Although topological incongruence with the combined data ranged from 1 (16S) to 14 (COI) conflicting nodes in the separate parsimony analyses, these conflicting nodes had low, if any, branch support. Hence, the analyses of separate data did not help to clarify any of the less resolved relationships from the combined analyses; neither did any of the separate gene trees suggest any strongly supported alternative hypotheses. Still, measures of incongruence (ILD, Wilcoxon sign rank test, SH test) indicated significant differences among partitions, especially between nuclear and mitochondrial partitions. A general weakness of these tests is that they do not consider the nature of incongruence, such that one rogue taxon may cause the entire data set to be incongruent. Also, the likelihood- and parsimony-based incongruence tests produced very different results, further reducing confidence in such methods. The use of partitioned branch support (partitioned Bremer support sensu Baker, 1997), on the other hand, is a very useful tool in the localization and quantification of node conflicts. Although the significance of Bremer's (1994) node decay index is dependent on the branch length (DeBry, 2001), the way that the PBS measure is used here only considers the relative contribution (or conflict) to each node separately. The largest cost of any data partitions enforced on the combined topology was four extra steps in one Enolase node (see Fig. 5), which is nevertheless insignificant when branch length is taken into account (cf. Table 3 in DeBry, 2001). The heterogeneity measured between the nuclear and mitochondrial partitions was hardly visible in the PBS analyses, with only three nodes having a negative contribution from both mtDNA partitions (clades including A. affine, A. euphorbiae, A. jubae; A. hesperidum, A. piscatorium; all of these plus A. bicolor). However, these three nodes were characterized by very short ML branch lengths in separate and combined analyses (cf. Figs. 6, 8), and the apparent conflict may reflect random sorting events during a short period of elevated speciation rates (cf. Fig. 9).
Potential negative effects of combining statistically incongruent partitions involve less resolved or less supported tree topologies. However, exclusion or sequential down weighting of the most incongruent partitions, COI (entire gene fragment or third positions only) or morphology, did not change the combined data topologies in neither of the parsimony or Bayesian analyses. Further exclusion of alignment ambiguous regions still resulted in the same topology, with node support remaining essentially the same, or slightly lower, through all these analyses. Moreover, the application of a mixed model in the Bayesian analyses did not produce different results from the uniform Bayesian analysis. Hence, the Bayesian results suggest that the effect of fitting separate models to subpartitions become less critical with an increased number of independent character sources.

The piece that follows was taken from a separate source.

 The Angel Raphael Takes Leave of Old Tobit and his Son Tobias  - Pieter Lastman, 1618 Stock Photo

Overall, our data have demonstrated how significant measures of incongruence can mislead when conflict in fact is very low (Baker et al., 2001). The incongruence observed between the separate data partitions then possibly reflects the smaller number of informative characters in each of them, which makes tree estimation more susceptible to homoplasious changes, in particular those partitions experiencing the highest substitution rates.

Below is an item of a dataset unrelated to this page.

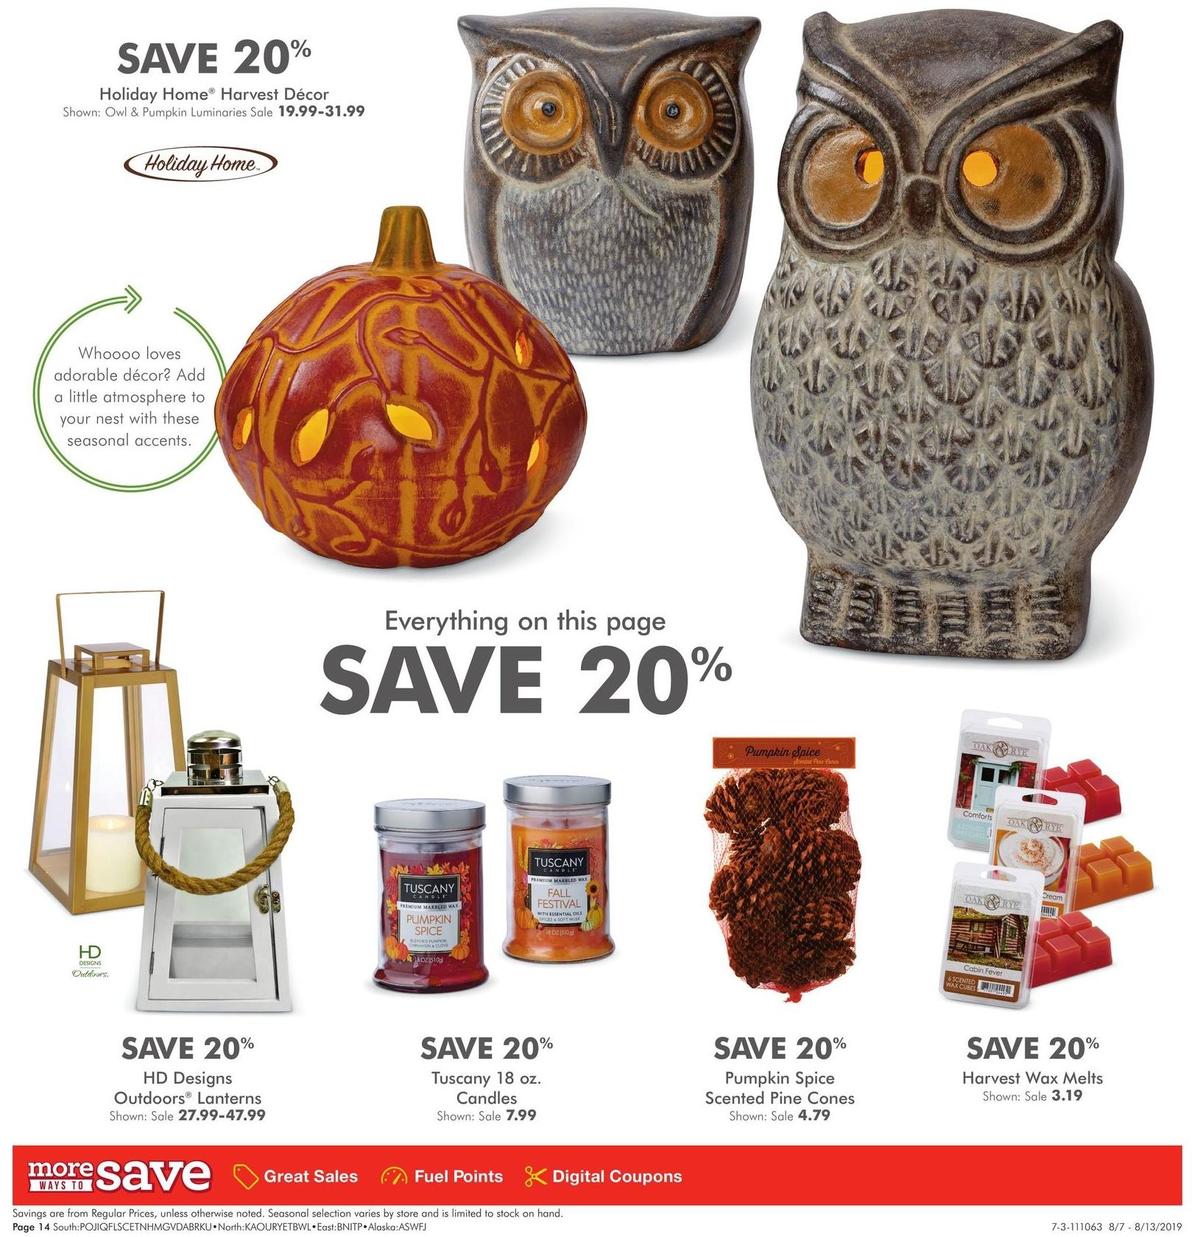 Fred Meyer General Merchandise Weekly Ad from August 7

Phylogenetic relationships
This study clearly demonstrated the paraphyly of Aphanarthrum with respect to Coleobothrus. The basal position of A. armatum was supported by all data sets except COI, in either parsimony or likelihood analyses, or both. COI performed much worse than any other partition, and had the highest level of homoplasy, significant nonstationarity in base composition, the fewest supported nodes, and the lowest branch support per informative character. The quite different properties (and congruence with the combined data tree) of the completely linked 16S data emphasize that the poor performance of the COI data is not genome specific, and confirm previous findings that COI is not very useful as a stand alone data source for higher level insect phylogenetics (Durando et al., 2000; Baker et al., 2001; Jordal et al., 2002; Danforth et al., 2003). However, it is also possible that our COI data included conserved mitochondrial pseudogenes integrated in the nuclear genome. Although none of these sequences contained stop codons, several recent studies have detected multiple integrations of indel-free mitochondrial pseudogenes (Bensasson et al., 2001, but see Williams and Knowlton, 2001, for an extreme example). Until more conclusive evidence is obtained in favor or disfavor of the pseudogene hypothesis, we caution against any strong interpretations of the COI data. We note, however, that exclusion of the COI data did not change the topology, or the average bootstrap support, rendering these data harmless in the face of potential paralogy.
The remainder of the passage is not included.